Research output: Contribution to journalArticlepeer-review

Abstract

Exposure to arsenic through private drinking water wells causes serious human health risks throughout the globe. Water testing data indicates there is arsenic contamination in private drinking water wells across New Jersey. To reduce the adverse health risk due to exposure to arsenic in drinking water, it is necessary to identify arsenic sources affecting private wells. Private wells are not regulated by any federal or state agencies through the Safe Drinking Water Act and therefore information is often lacking. To this end, we have developed machine learning algorithms including Random Forest Classification and Regression to decipher the factors contributing to higher arsenic concentration in private drinking water wells in west-central New Jersey.
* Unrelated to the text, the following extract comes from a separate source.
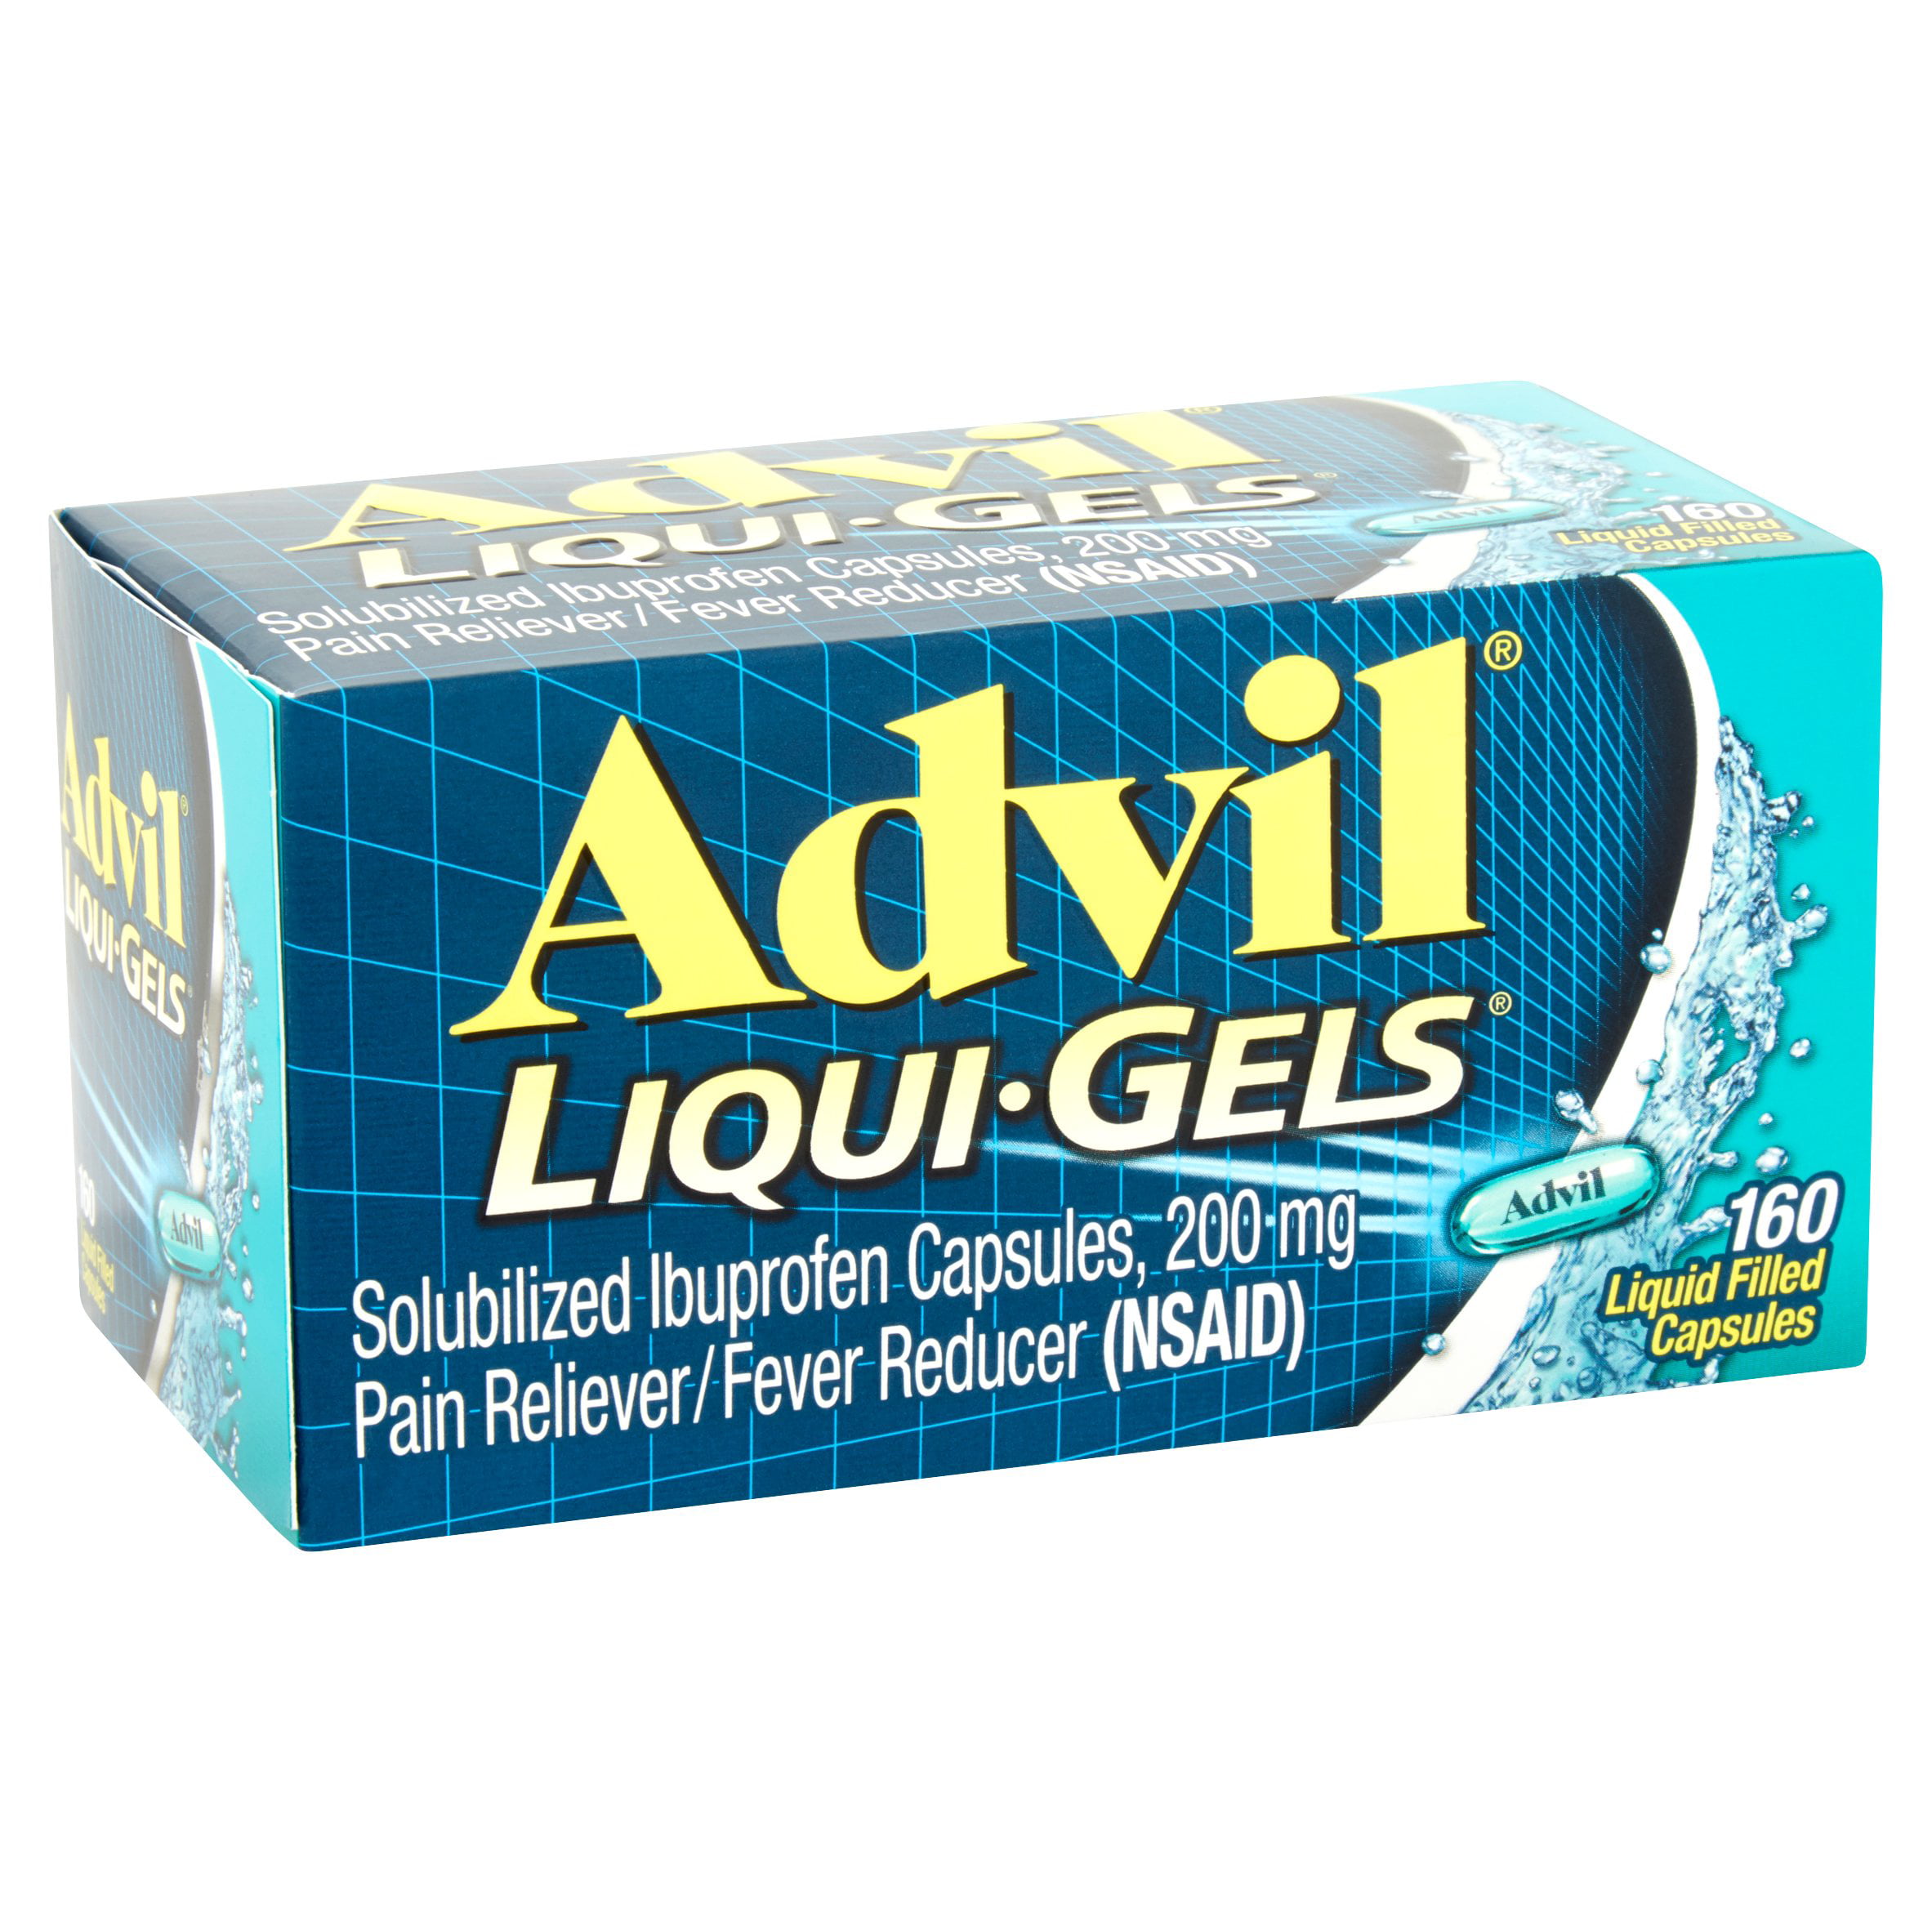 advil liqui-gels (160 count) pain reliever / fever reducer liquid

Arsenic concentration in private drinking water wells served as a response variable while explanatory variables were geological bedrock type, soil type, drainage class, land use/cover, and presence of orchards, contaminated sites, and abandoned mines within the 152.4-meter (500 ft) radius of each well. Random Forest Classification and Regression achieved 66 % and 55 % prediction accuracies for arsenic concentration in private drinking water wells, respectively. Overall, both models identify that bedrock, soil, land use/cover, and drainage type (in descending order) are the most important variables contributing to higher arsenic concentration in well water. These models further identify bedrock subgroups at a finer scale including Passaic Formation, Lockatong Formation, Stockton Formation contributing significantly to arsenic concentration in well water. Identification of sources of arsenic contamination in private drinking water wells at such a fine scale facilitates development of more targeted outreach as well as mitigation strategies to improve water quality and safeguard human health.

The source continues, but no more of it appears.